AIM OF THE EXERCISE:
Where an image appears in the data, omit it and reproduce the rest exactly.

INFORMATION PROVIDED:

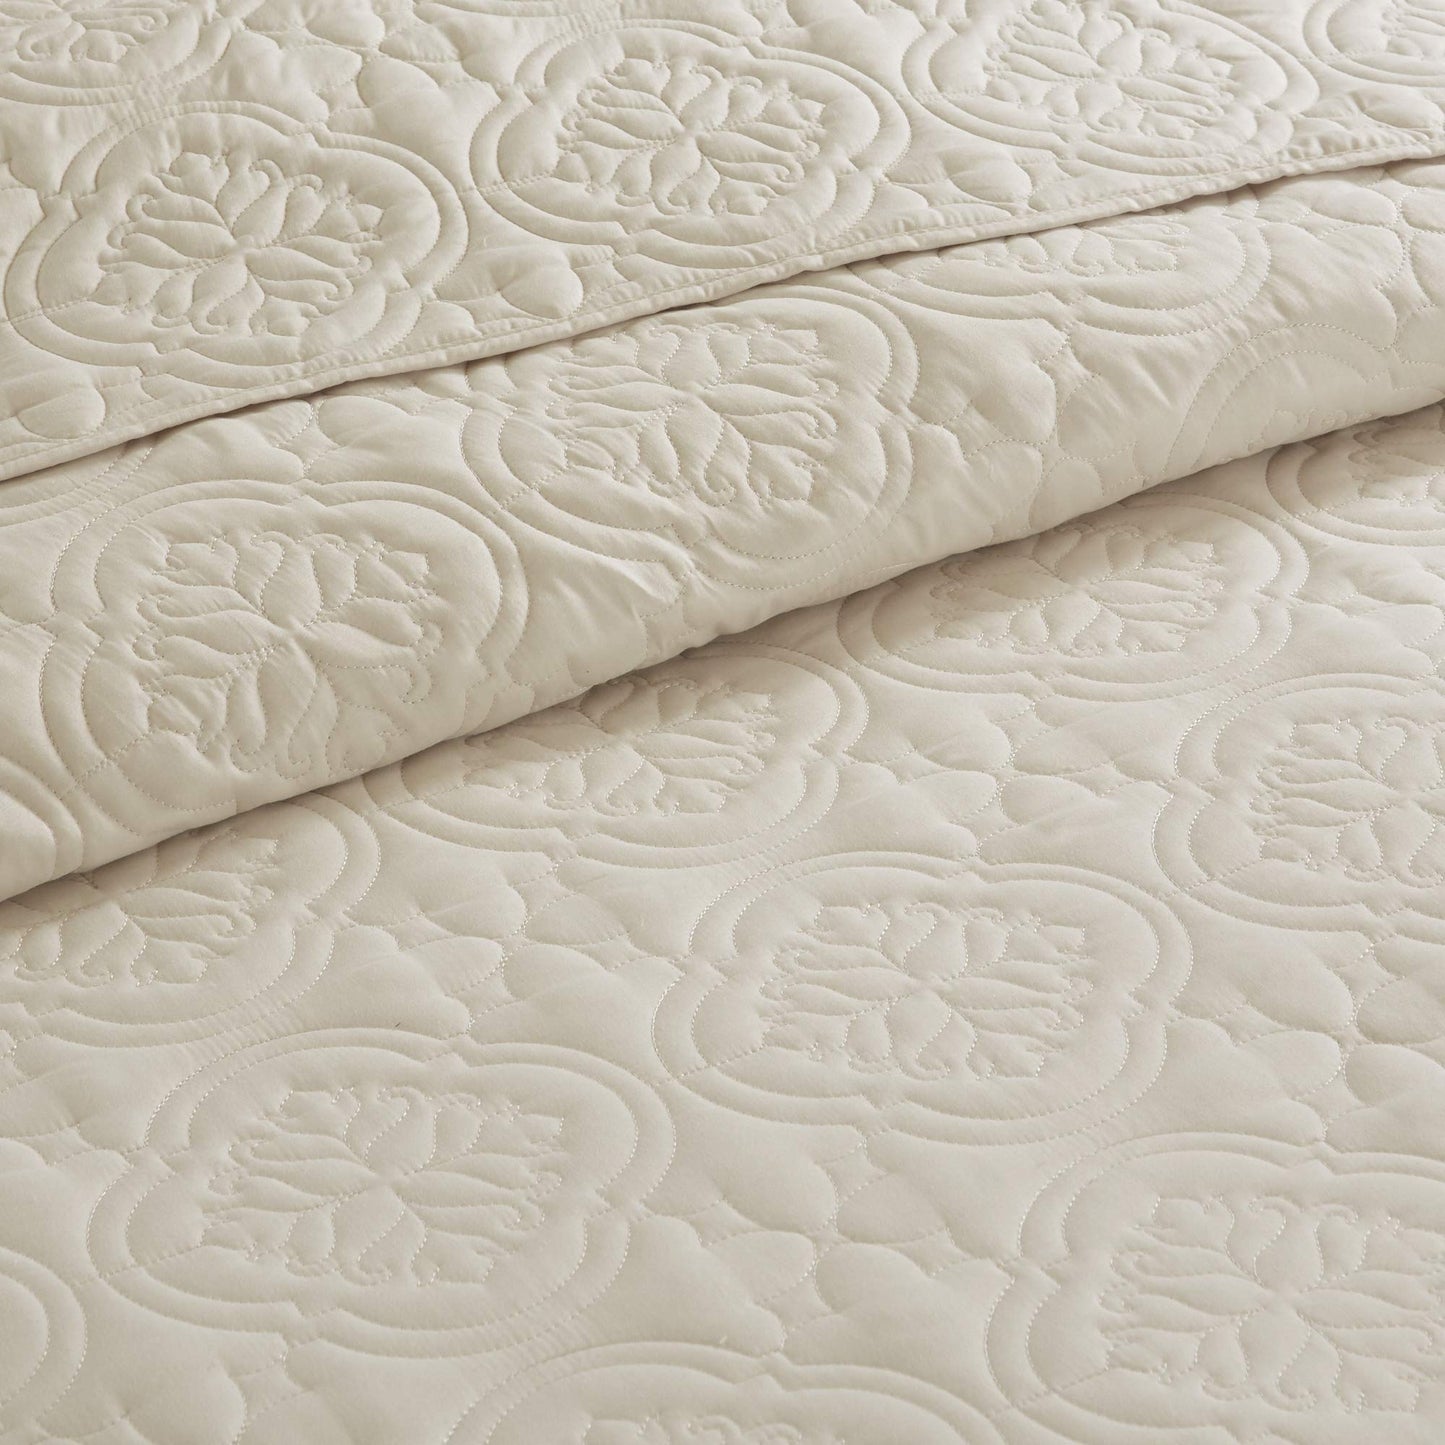 510 Design Glen 3 Piece Reversible Damask Bedspread Set, King/Cal King, Cream
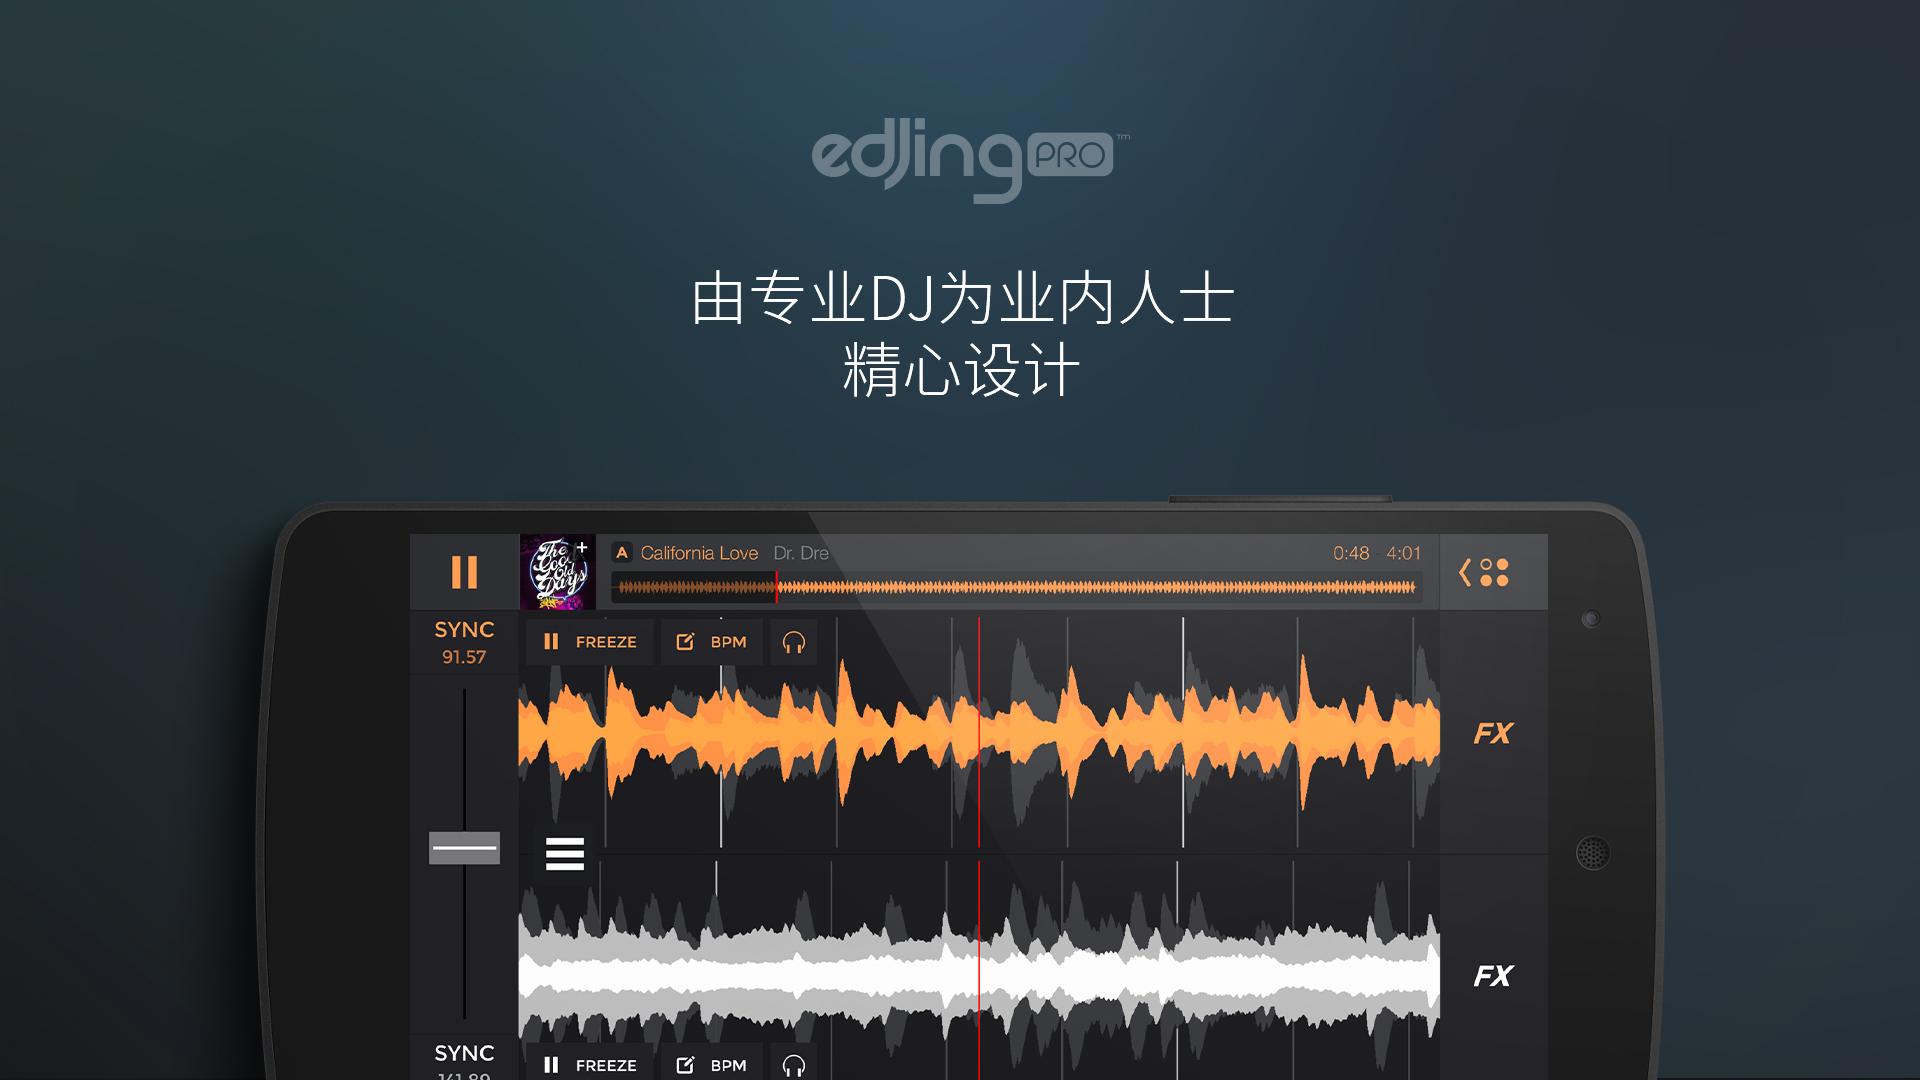 Android application edjing PRO LE - Music DJ mixer screenshort
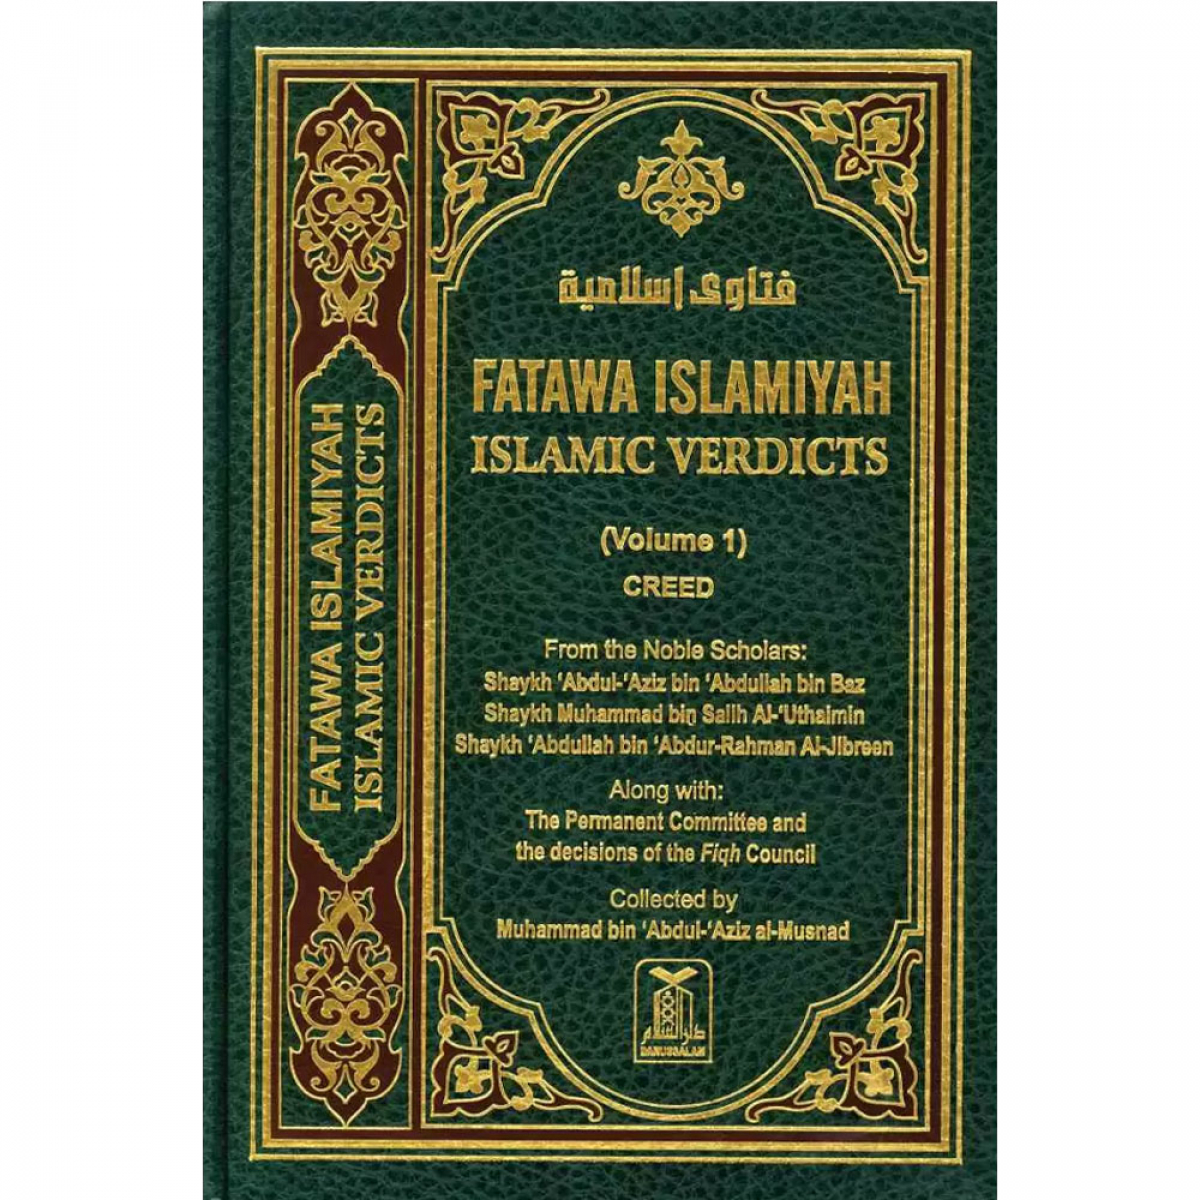 Fatawah Islamiyah Islamic Verdicts 8 Volume Set (Darussalam)

RESULT OF THIS EXERCISE:
 510 Design Glen 3 Piece Reversible Damask Bedspread Set, King/Cal King, Cream
 Android application edjing PRO LE - Music DJ mixer screenshort
 Fatawah Islamiyah Islamic Verdicts 8 Volume Set (Darussalam)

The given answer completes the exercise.